- TASK DETAILS:
I'd ask you to write out the lines below exactly, with no images.

- DATA EXCERPT:
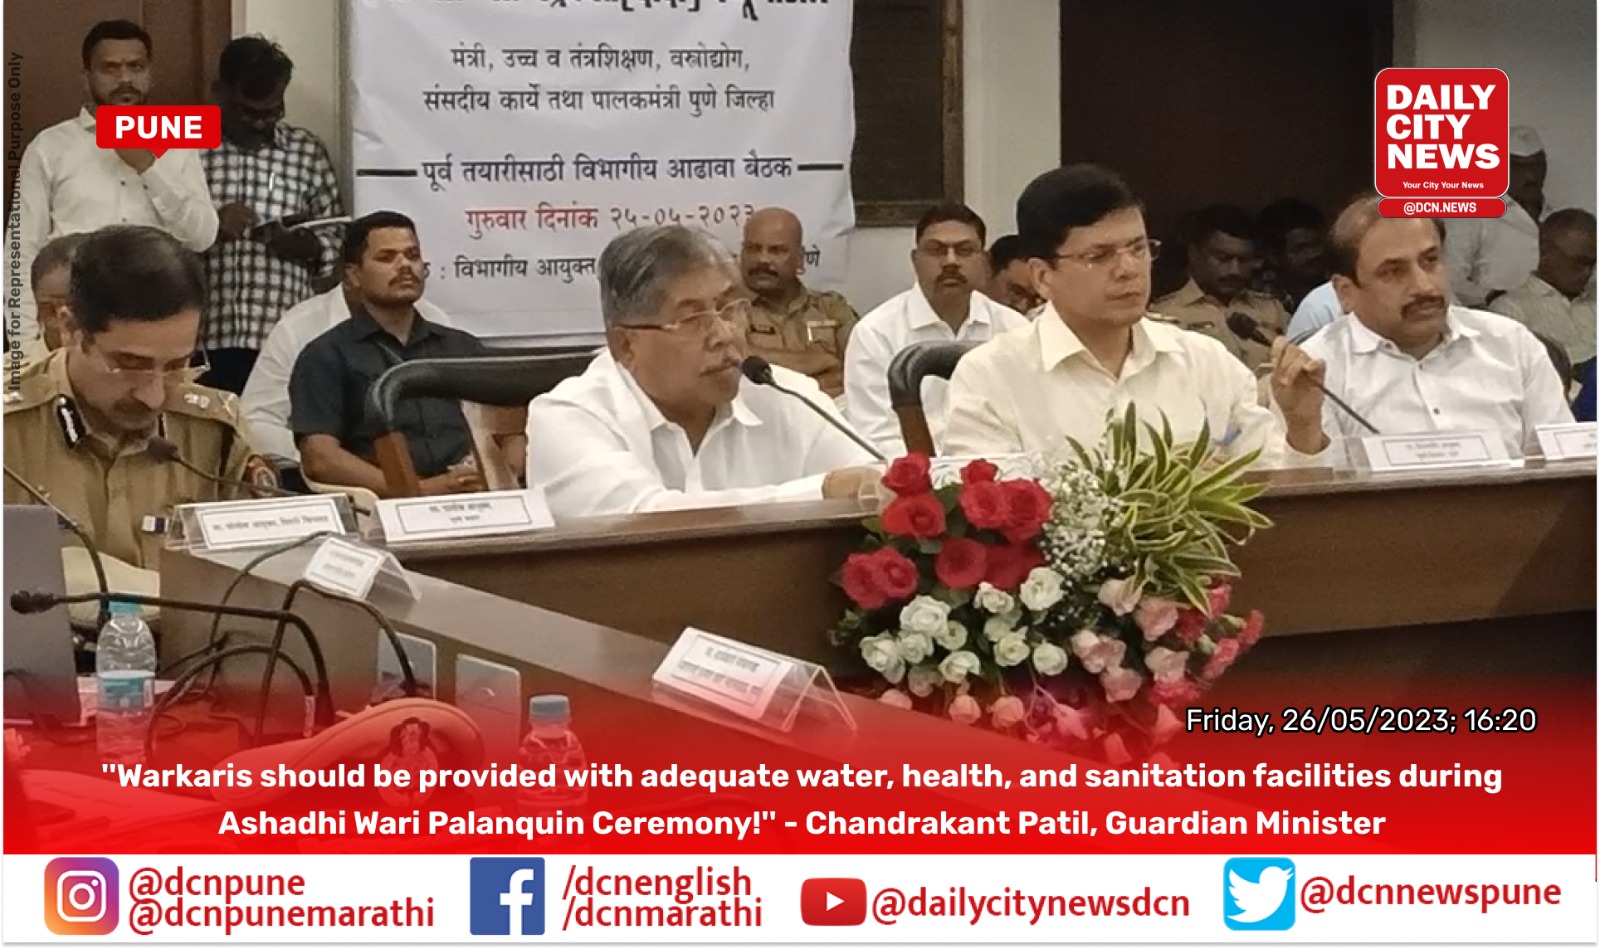 ''Warkaris should be provided with adequate water, health, and sanitation facilities during Ashadhi Wari Palanquin Ceremony!'' - Chandrakant Patil, Guardian Minister
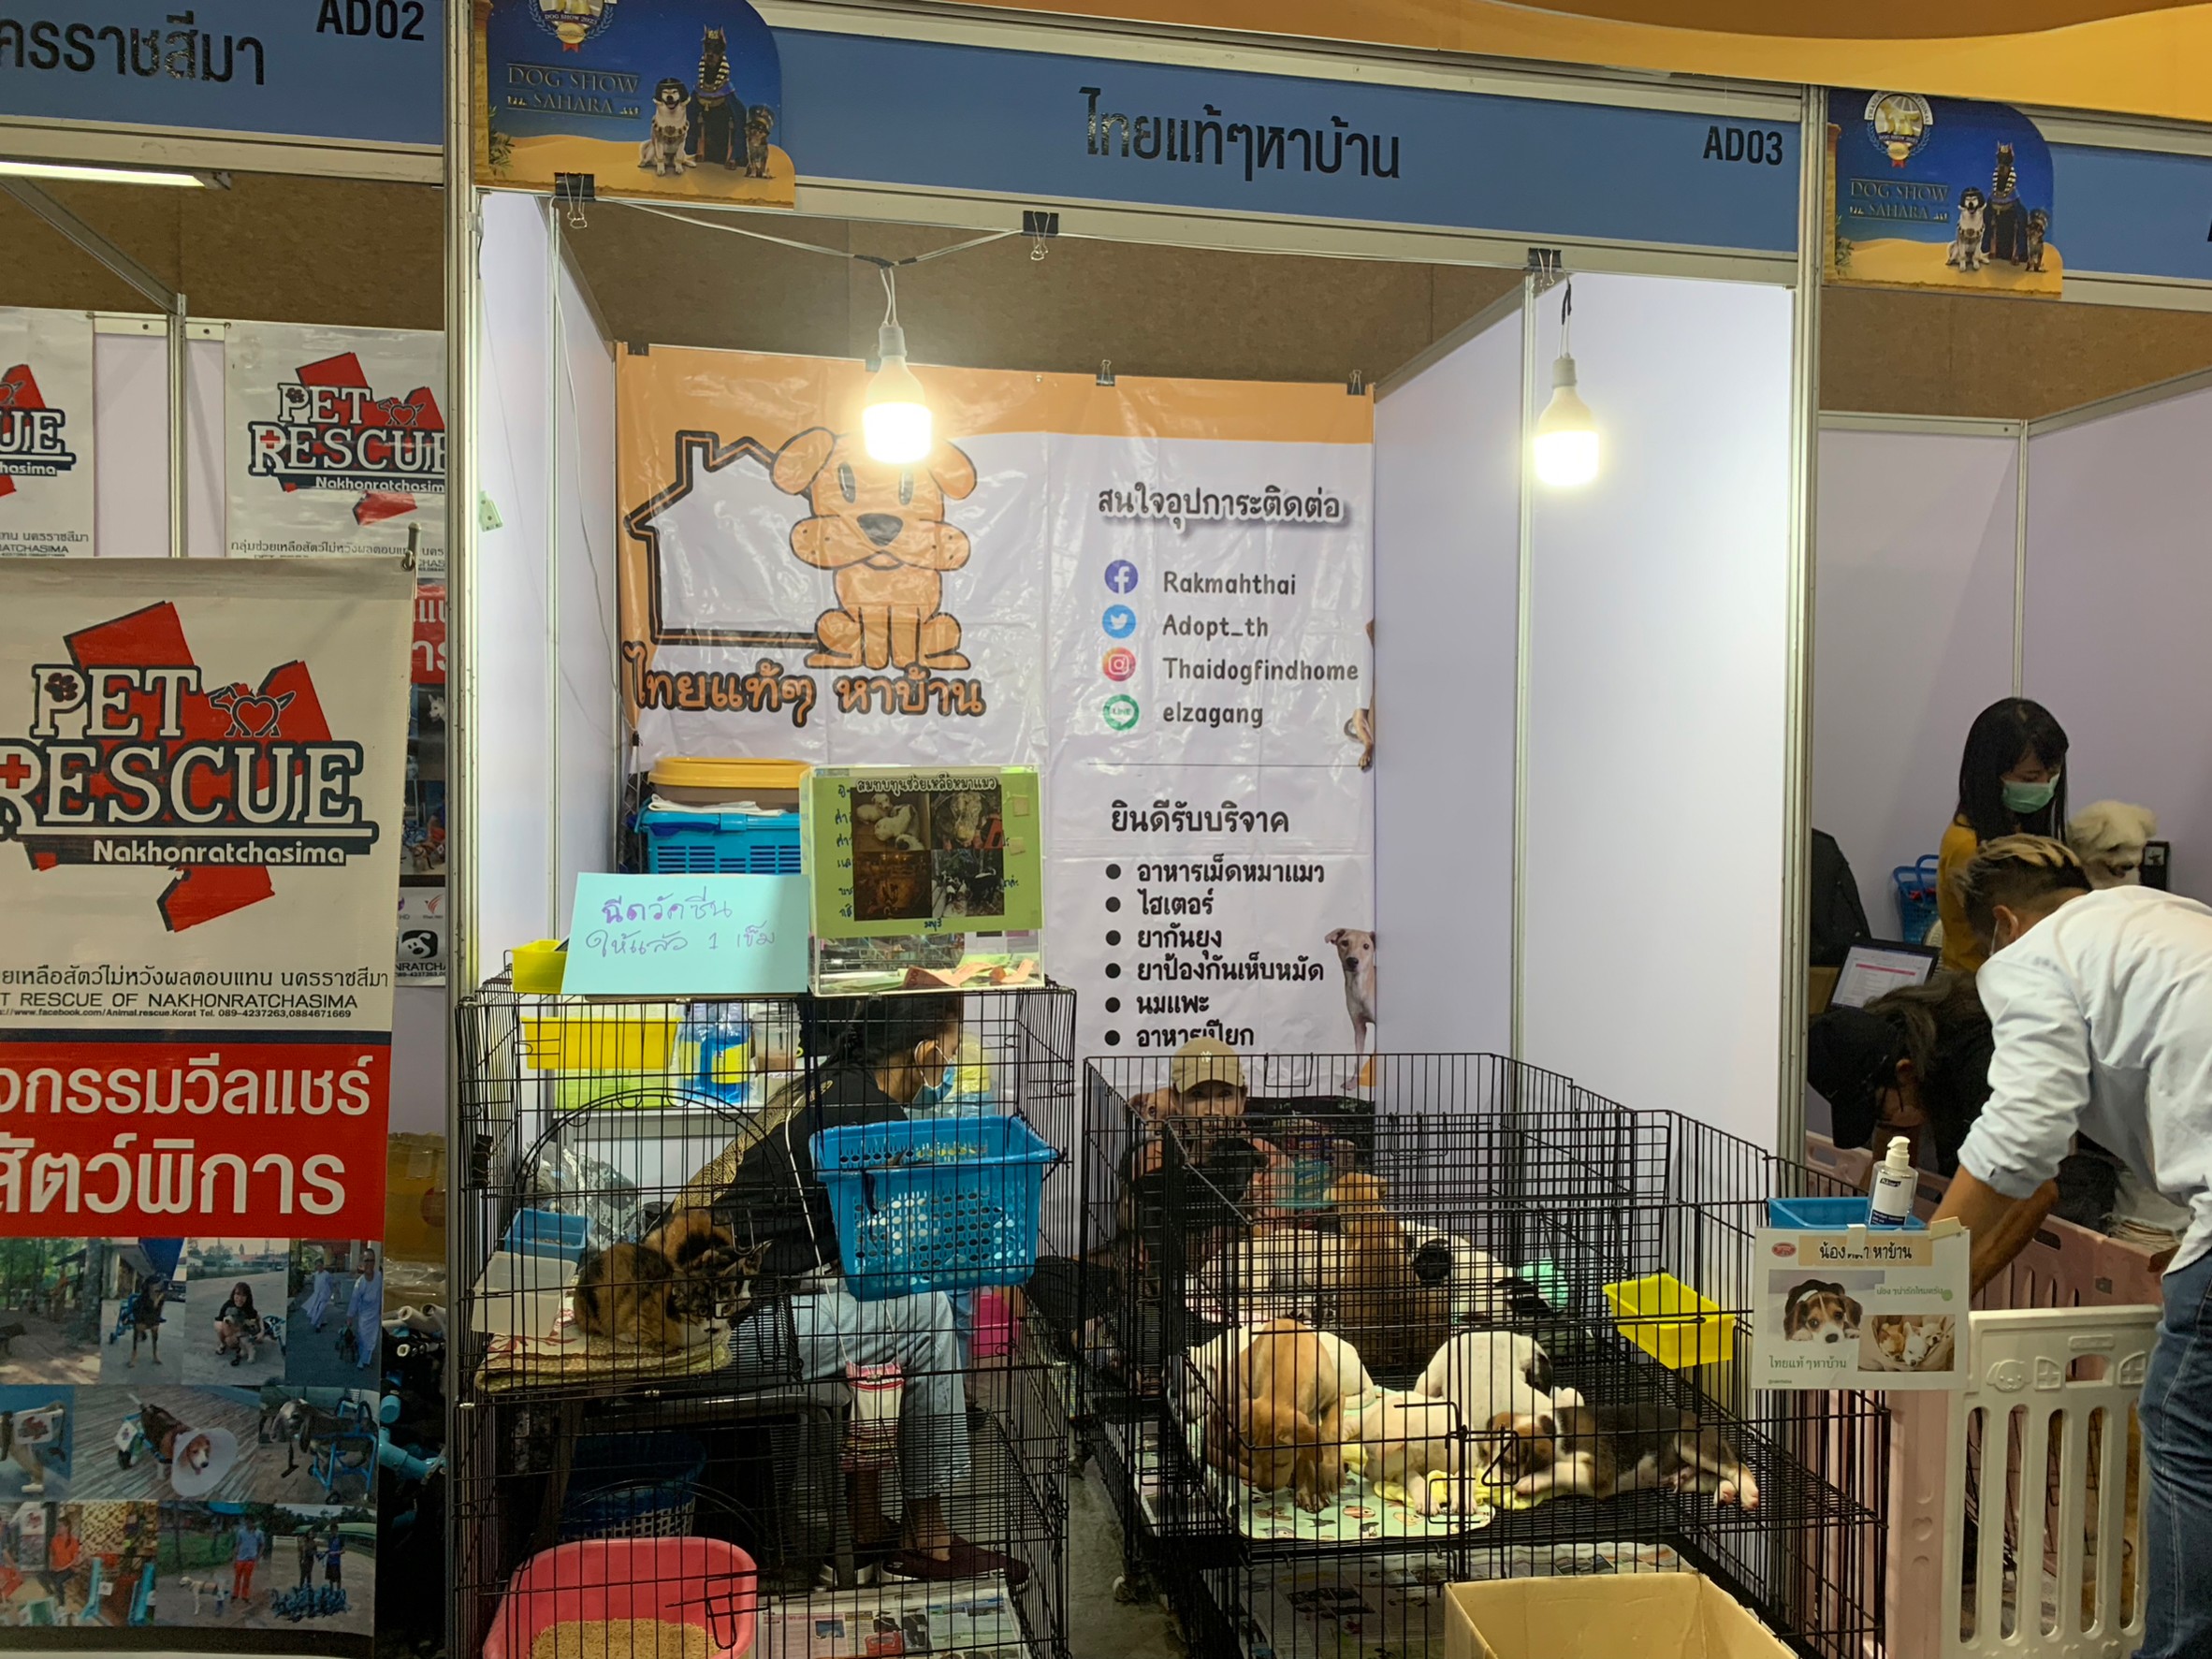 Dogilike.com :: Dogilike ¾ÒÊèÍ§â»Ãà´ç´ THAILAND INTERNATIONAL DOG SHOW 2023
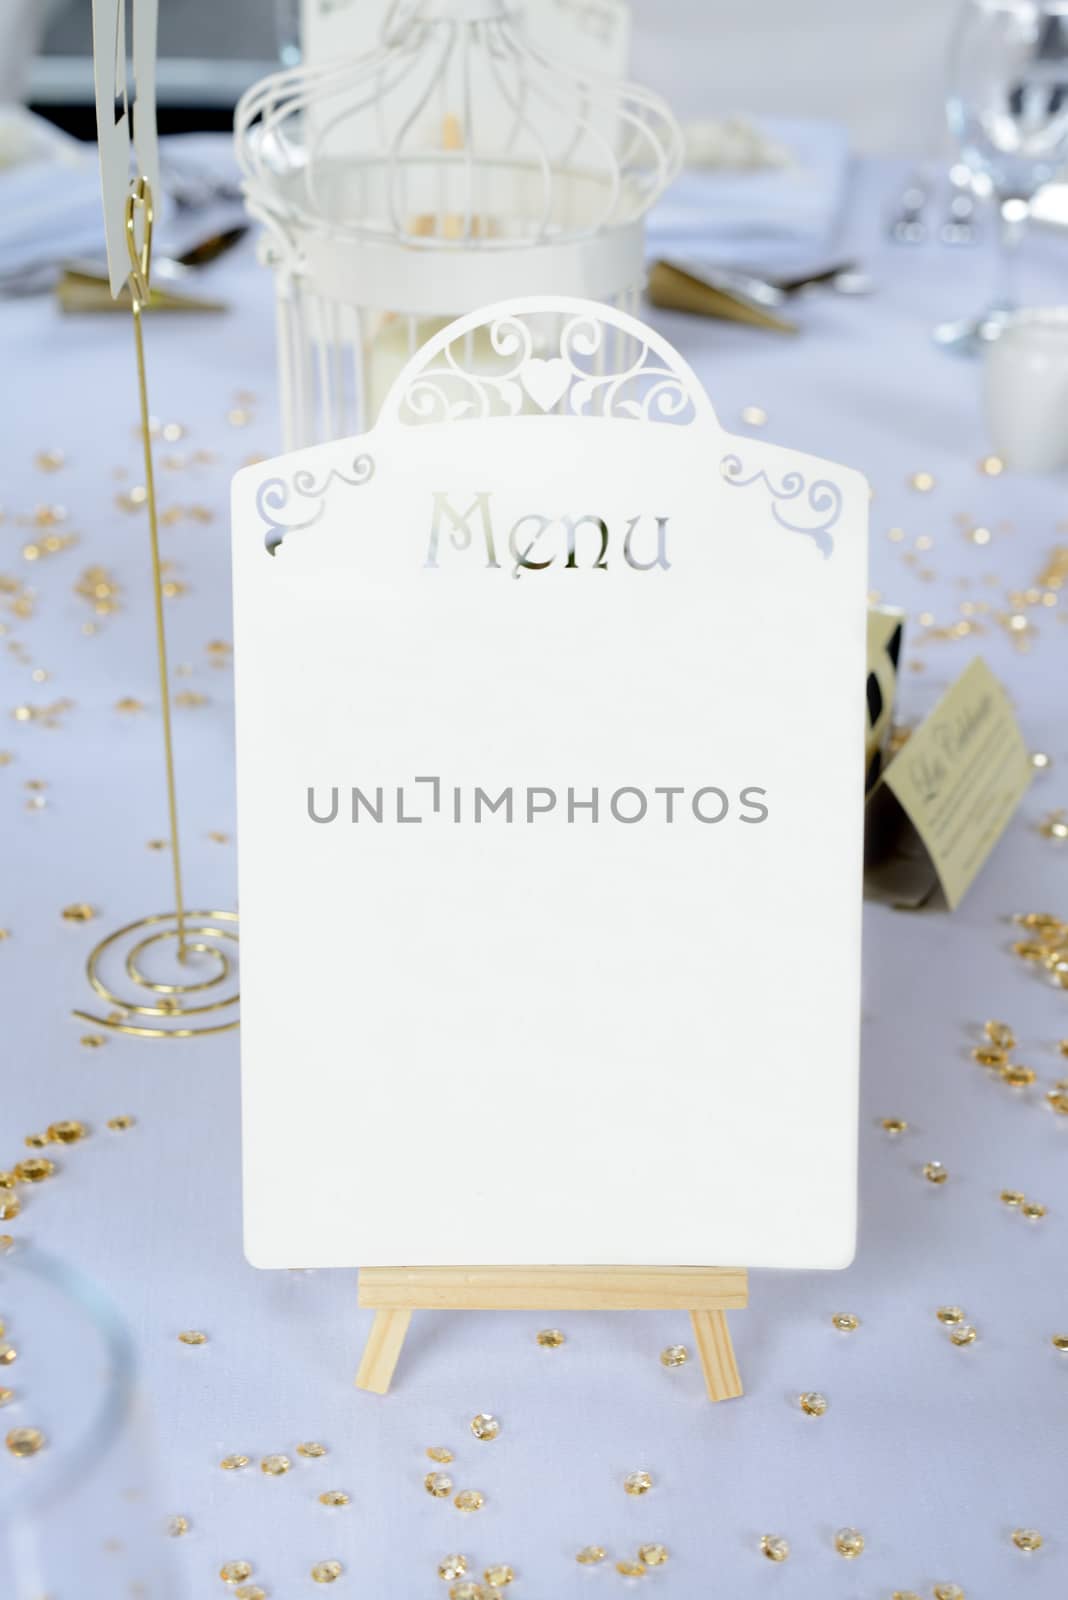 Wedding reception table details with menu closeup

- WRITTEN SOLUTION:
 ''Warkaris should be provided with adequate water, health, and sanitation facilities during Ashadhi Wari Palanquin Ceremony!'' - Chandrakant Patil, Guardian Minister
 Dogilike.com :: Dogilike ¾ÒÊèÍ§â»Ãà´ç´ THAILAND INTERNATIONAL DOG SHOW 2023
 Wedding reception table details with menu closeup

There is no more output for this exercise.